The book took its origin from the notion he had of a leading man for a story who should bring about all the mischief in it, lay it all on Providence, and say at every fresh calamity, “Well it’s a mercy, however, nobody was to blame you know!” The title first chosen, out of many suggested, was
Nobody’s Fault;
and four numbers had been written, of which the first was on the eve of appearance, before this was changed. When about to fall to work he excused himself from an engagement he should have kept because “the story is breaking out all round me, and I am going off down the railroad to humour it.” The humouring was a little difficult, however; and such indications of a droop in his invention as presented themselves in portions of
Bleak House
, were noticeable again. “As to the story I am in the second number, and last night and this morning had half a mind to begin again, and work in what I have done, afterwards.” It had occurred to him, that, by making the fellow-travellers at once known to each other, as the opening of the story stands, he had missed an effect. “It struck me that it would be a new thing to show people coming together, in a chance way, as fellow-travellers, and being in the same place, ignorant of one another, as happens in life; and to connect them afterwards, and to make the waiting for that connection a part of the interest.” The change was not made; but the mention of it was one of several intimations to me of the altered conditions under which he was writing, and that the old, unstinted, irrepressible flow of fancy had received temporary check. In this view I have found it very interesting to compare the original notes, which as usual he prepared for each number of the tale, and which with the rest are in my possession, with those of
Chuzzlewit
or
Copperfield;
observing in the former the labour and pains, and in the latter the lightness and confidence of handling.
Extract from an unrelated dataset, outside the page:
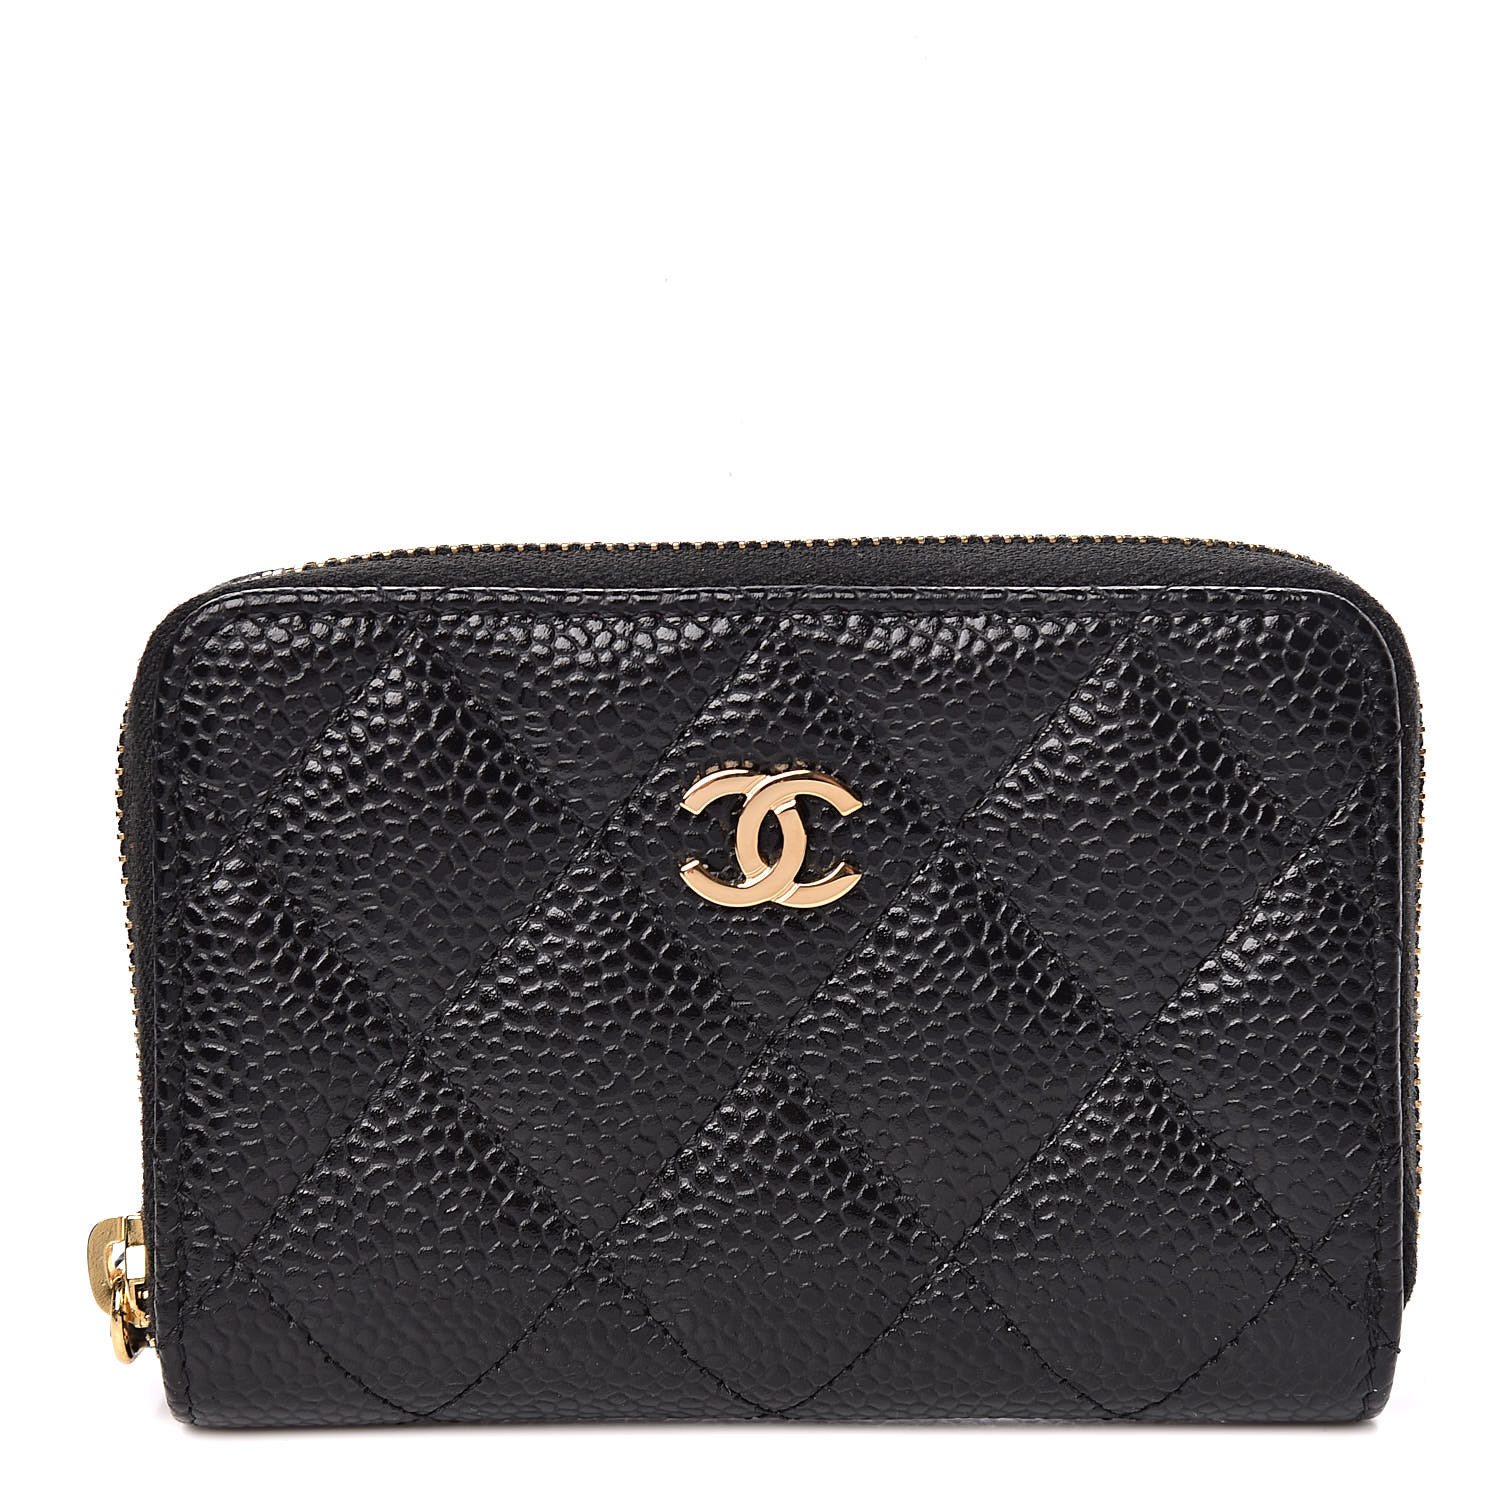 CHANEL Caviar Quilted Zip Coin Purse Black 459829

“I am just now getting to work on number three: sometimes enthusiastic, more often dull enough. There is an enormous outlay in the Father of the Marshalsea chapter, in the way of getting a great lot of matter into a small space. I am not quite resolved, but I have a great idea of overwhelming that family with wealth. Their condition would be very curious. I can make Dorrit very strong in the story, I hope.” The Marshalsea part of the tale undoubtedly was excellent, and there was masterly treatment of character in the contrasts of the brothers Dorrit; but of the family generally it may be said that its least important members had most of his genius in them. The younger of the brothers, the scapegrace son, and “Fanny dear,” are perfectly real people in what makes them unattractive; but what is meant for attractiveness in the heroine becomes often tiresome by want of reality.